Tiger Mountain Strategies

tiger_mountain.jpgTaking Tiger Mountain (By Strategy) is familiar to those of us in the decadent west as the title of Brian Eno’s second solo album, released in 1974. Eno borrowed the title from a set of Chinese postcards depicting a performance of a Maoist opera, and you can now see a copy of those very postcards here.

“The modern revolutionary Peking opera Taking Tiger Mountain by Strategy, carefully revised, perfected and polished to the last detail with our great leader Chairman Mao’s loving care, now glitters with surpassing splendour.

Taking Tiger Mountain by Strategy is one of the outstanding model theatrical works. It describes an episode in the great Chinese People’s War of Liberation, a battle in which a pursuit detachment of the Chinese People’s Liberation Army wiped out a Kuomintang die-hard gang in northeast China. The opera creates the brilliant images of Yan Tzu-jung and other proletarian heroes by the method of combining revolutionary realism with revolutionary romanticism, and eulogizes Chairman Mao’s great thought on people’s war. The successful creation of the modern revolutionary Peking opera Taking Tiger Mountain by Strategy is a splendid victory for Chairman Mao’s revolutionary line on literature and art.”

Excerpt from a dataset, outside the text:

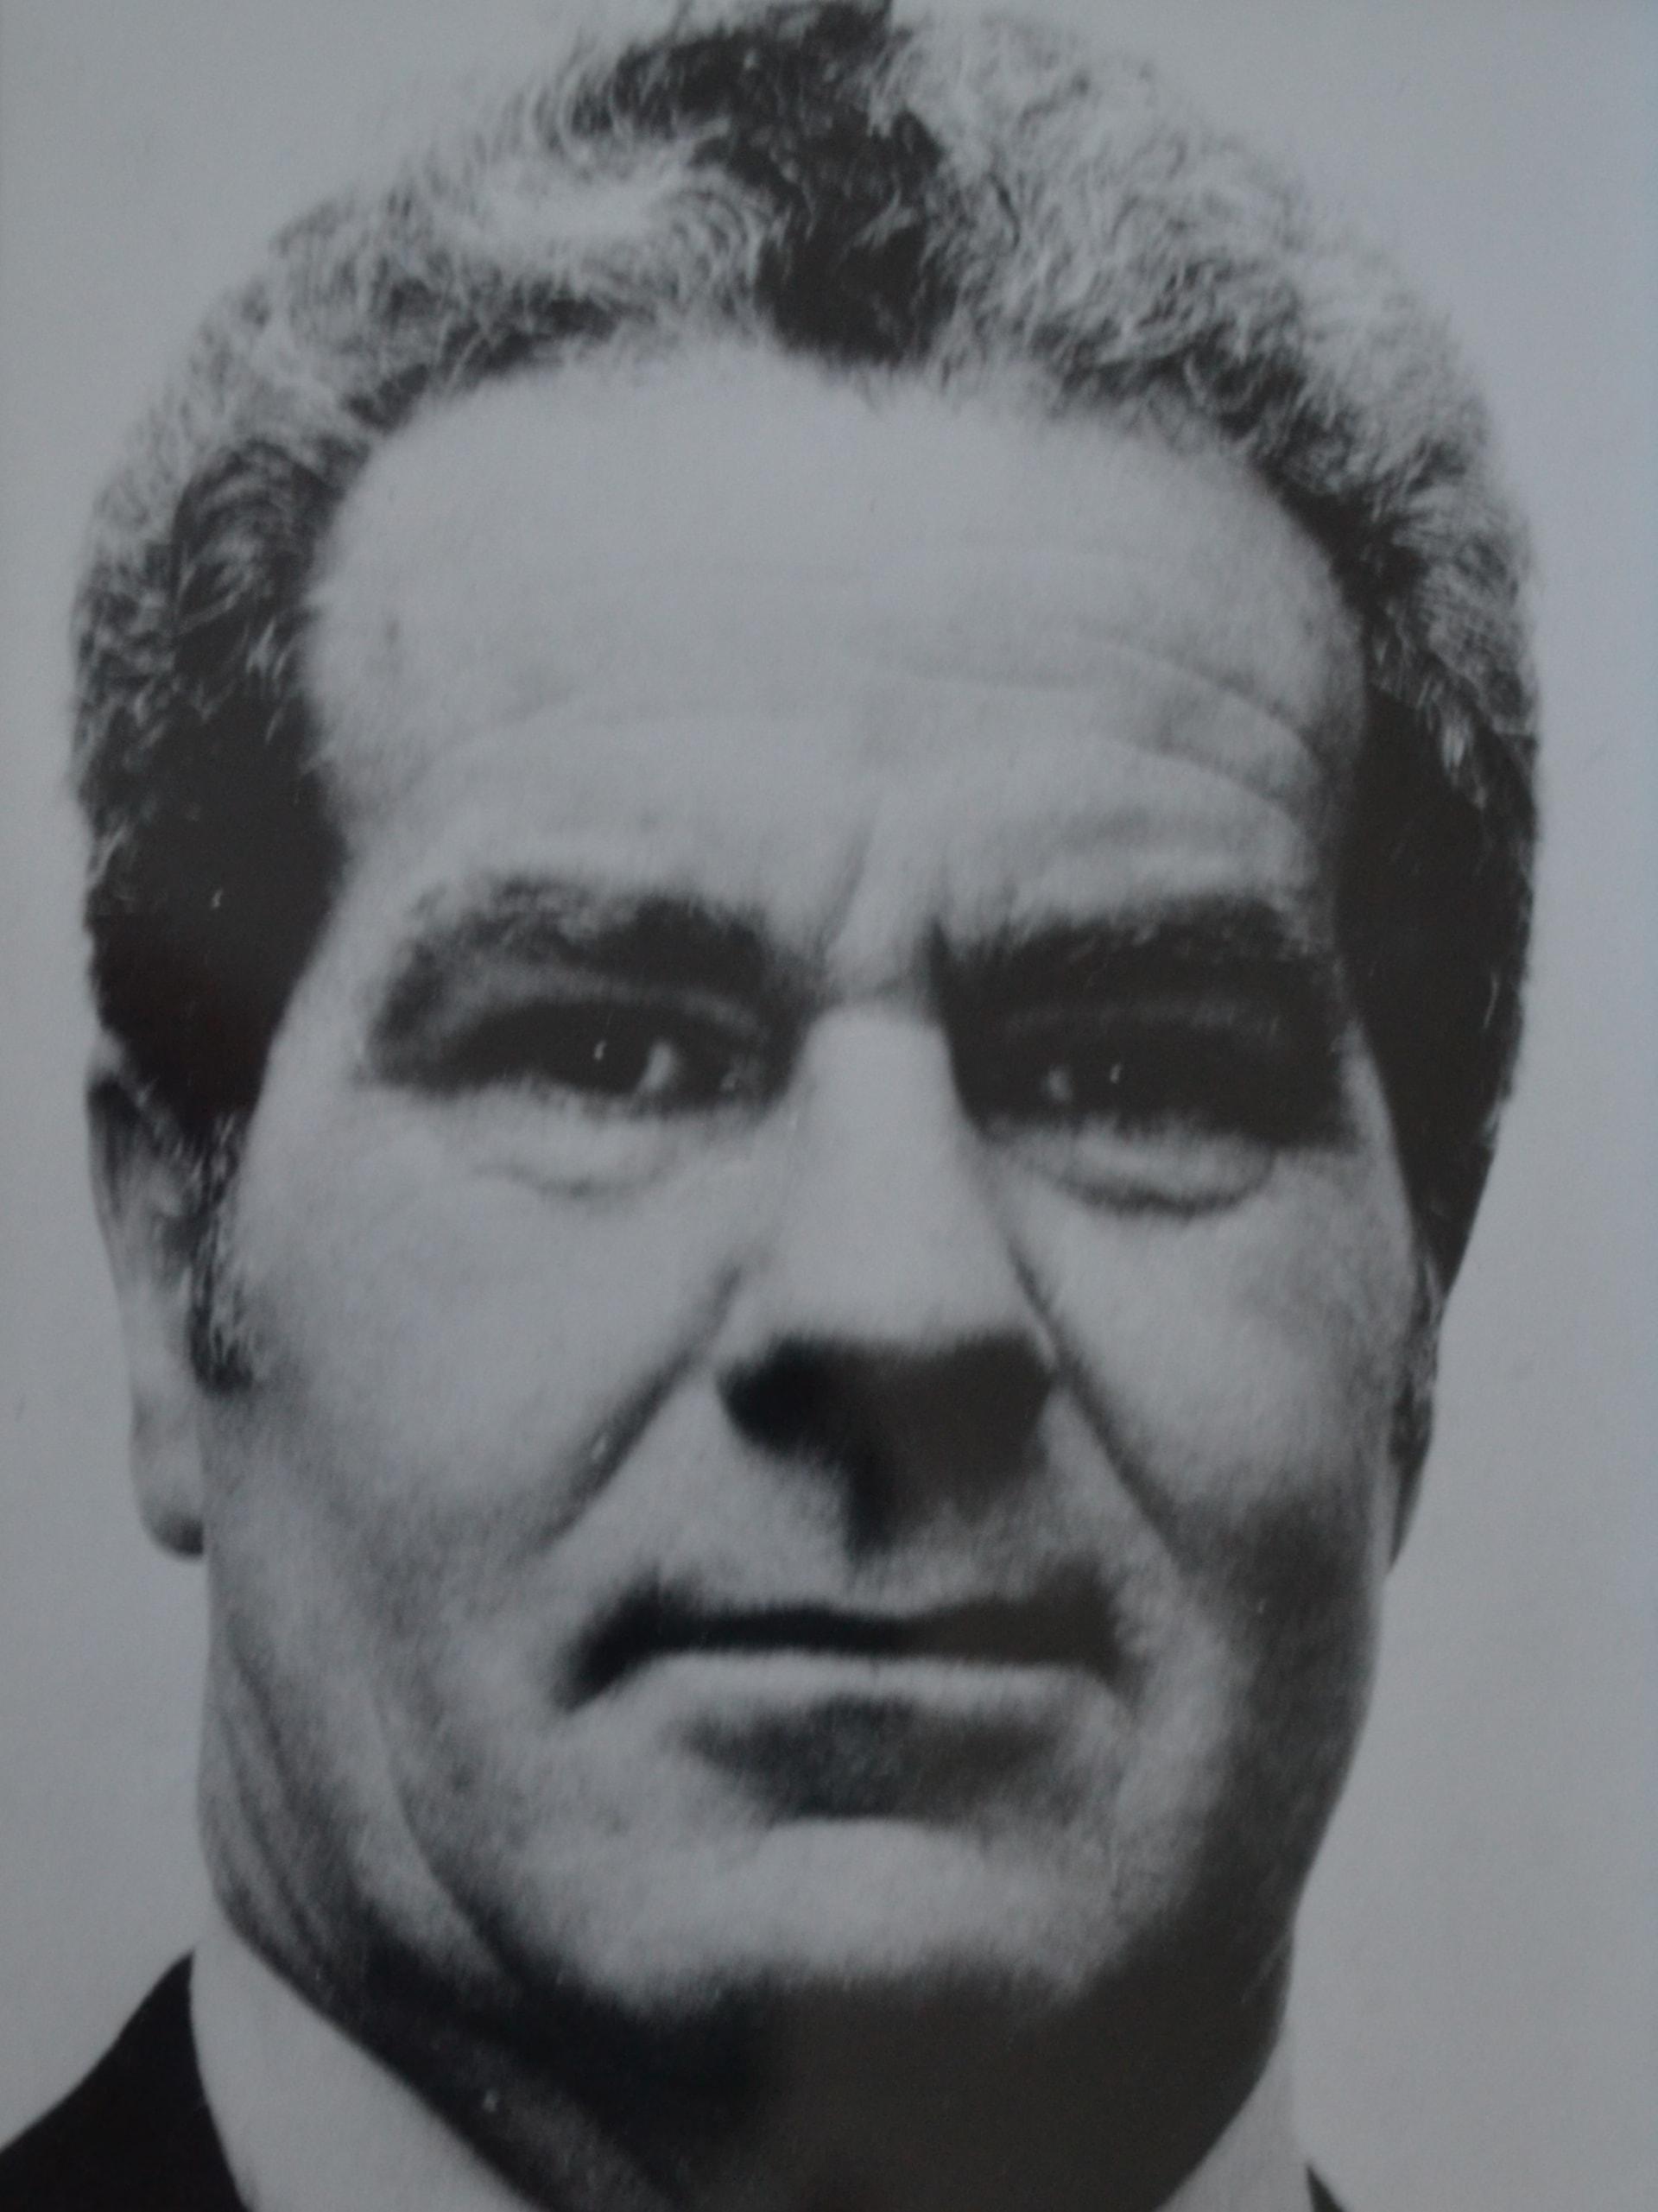 1977-Ken-Packer.1-w1920.jpg
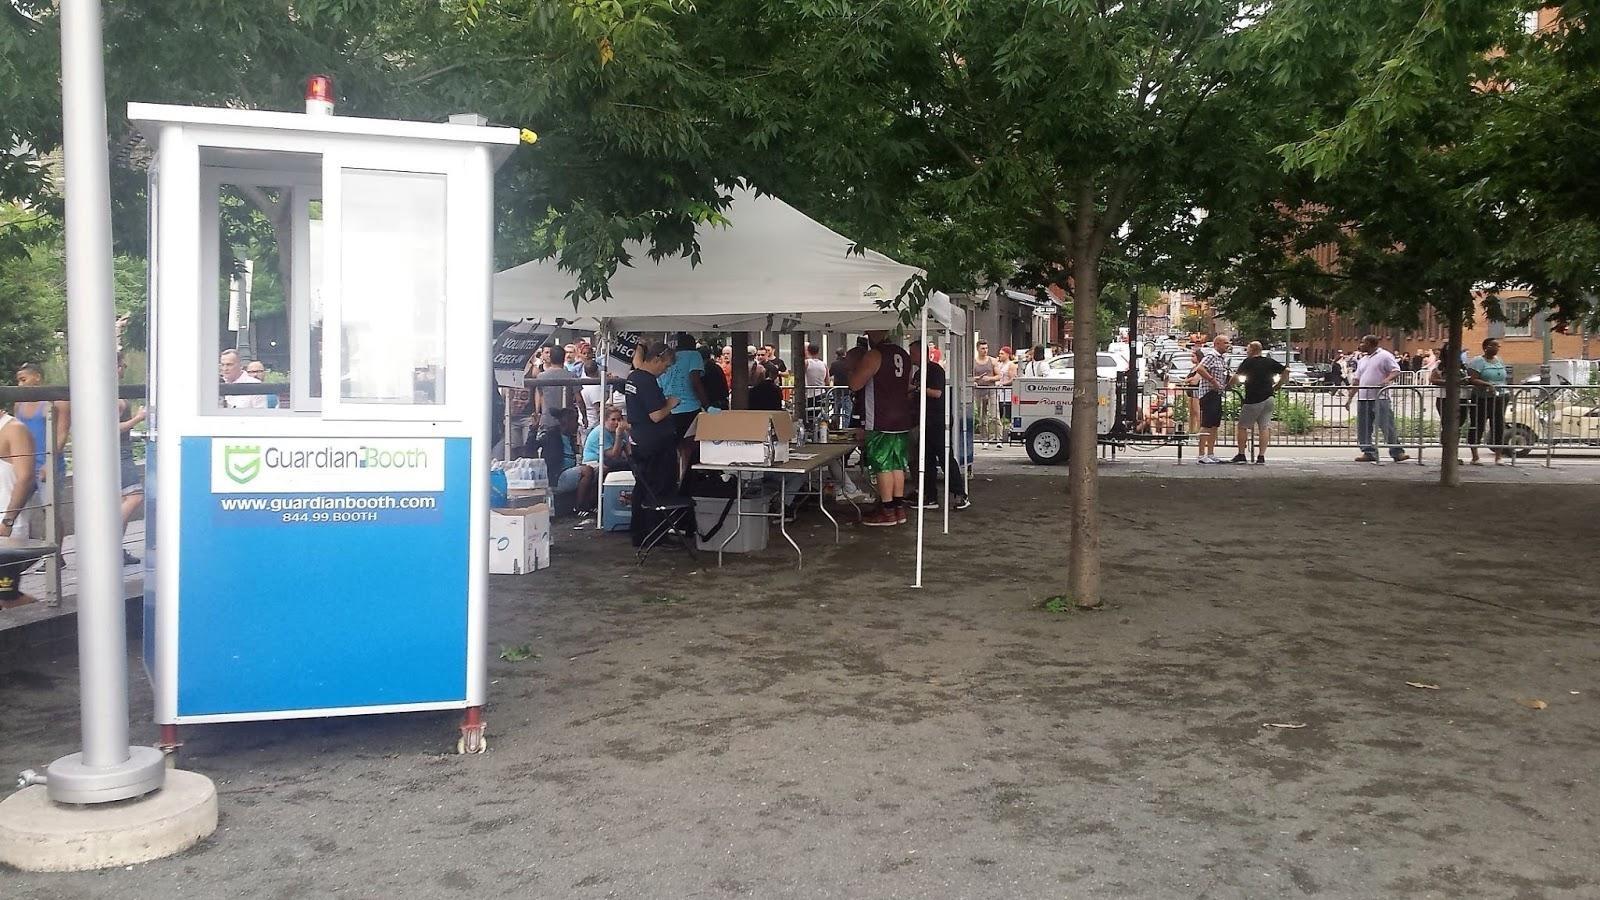 Guardian Booth food kiosk at park

Eno produced his own set of strategic cards with artist Peter Schmidt (who painted the cover of Tiger Mountain) a year later, Oblique Strategies, “Over one hundred worthwhile dilemmas.” Originally an expensive limited edition, these are now available in a variety of freeware applications or online versions. Best one if you’re among the 17% of Mac-users visiting this site is probably the Dashboard widget, the latest version of which includes the texts of all three editions. The instant access nature of OS X’s Dashboard is especially suited to small information systems such as this.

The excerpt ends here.